Todd A. Salzman and Michael G. Lawler start with the “wrong” answer since they blatantly contradict the Magisterium and common sense on homosexuality. The scandalous part of it is that deploy a relational anthropology quite in keeping Vatican II, although they vitiate it by appealing to the “magisterium” of the Catholic bishops (“Always Our Children” - attached) which is perniciously ambiguous and wrongheaded.

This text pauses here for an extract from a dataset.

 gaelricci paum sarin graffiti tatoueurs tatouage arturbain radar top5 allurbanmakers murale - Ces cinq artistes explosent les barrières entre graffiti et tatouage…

They quite correctly state: “We believe our theological anthropology more accurately reflects the theological claim that human beings are created in the image and likeness of God and are theologically communicative in relationships, including sexual relationships that reflect God’s faithful and steadfast fidelity. We also believe that it more accurately reflects and incorporates what the human and social sciences tell us about the nature of sexual orientation, homosexual or heterosexual. Our most central argument, then, is grounded in a theological anthropology – an anthropology that L/G fail to acknowledge or address in their response.”

I agree. They also state:

Gaudium et Spes introduced a new sexual anthropology by removing the hierarchy of the ends of marriage, the procreative and the unitive. This anthropological development recognizes what married couples for centuries have known through experience, namely, that the unitive meaningof the truly humana sexual act is at least as important as, if not more important than, the procreative meaning of the sexual act. A couple can morally justify a sexual act without the procreative meaning of the sexual act being present or even possible; the couple can never morally justify a sexual act if the unitive meaning is not present. Unfortunately, there was not a corresponding shift or development in the magisterium’s sexual norms deduced from this anthropology: the anthropology changed but the norms remained the same. We argue that the shift in anthropology has normative implications for homosexual relationships as well as for heterosexual marriage. The unitive meaning of sexual acts can be realized by both homosexual and heterosexual couples.”[4]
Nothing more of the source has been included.